How to Find the Equation of a Quadratic Function from a Graph
TLDR; Finding the equation of a quadratic function from a graph involves using the vertex form to determine the standard form and then converting it to the general form.
💡 Determining the Equation
The goal is to find the equation of a quadratic function from the graph and express it in general form.
The general form of a quadratic function is F(x) = ax^2 + bx + c.
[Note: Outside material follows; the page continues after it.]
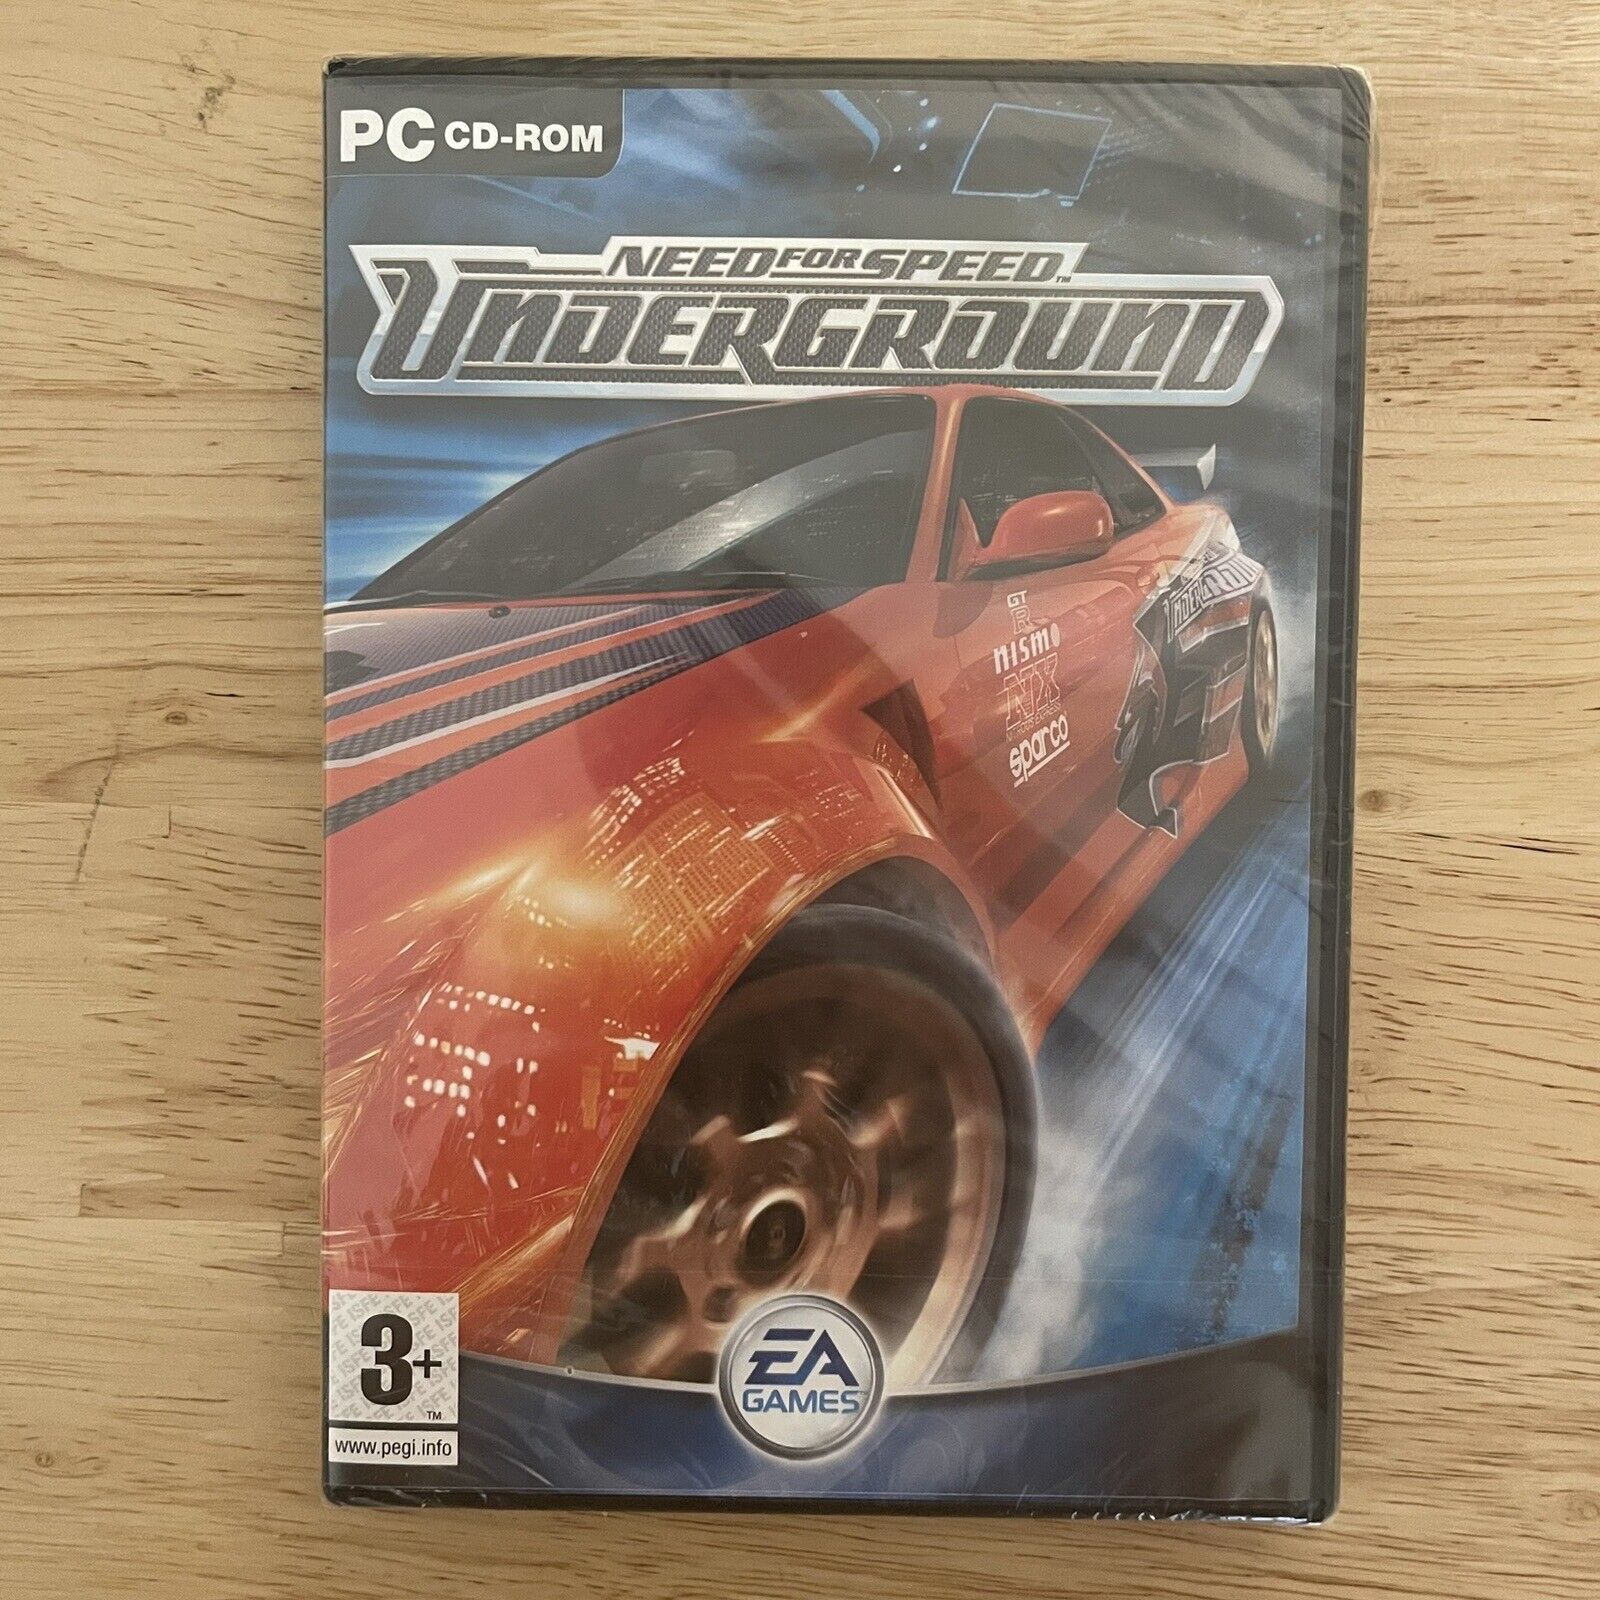 serial number need for speed underground 2 pc

The process starts by using the standard form, F(x) = a(x - h)^2 + k, where h and k represent the coordinates of the vertex.
📈 Identifying Coordinates
The vertex, with coordinates (h, k), and another point on the graph, with coordinates (x, y), are used to initiate the process.
For the given graph, the vertex has coordinates (-3, 4), and another point on the function has coordinates (-4, 2).
🔄 Substitution and Solving for 'a'
By substituting the known values into the standard form, an equation is formed with 'a' as the only unknown.
Solving for 'a' yields the value necessary to establish the function in standard form.
🔍 Converting to General Form
The function is then converted to general form by multiplying out, combining like terms, and arranging the terms in descending order.
This process involves squaring the quantity (x - h), distributing the coefficient, and combining like terms.
📝 Completing the Conversion
The final step involves multiplying out the squared quantity, distributing the coefficient, and combining like terms to obtain the function in general form.
The resulting general form of the quadratic function is F(x) = -2x^2 - 12x - 14.
📊 Final Result
The general form of the quadratic function, given by the graph, is F(x) = -2x^2 - 12x - 14.
This concludes the process of finding the equation of a quadratic function from the graph.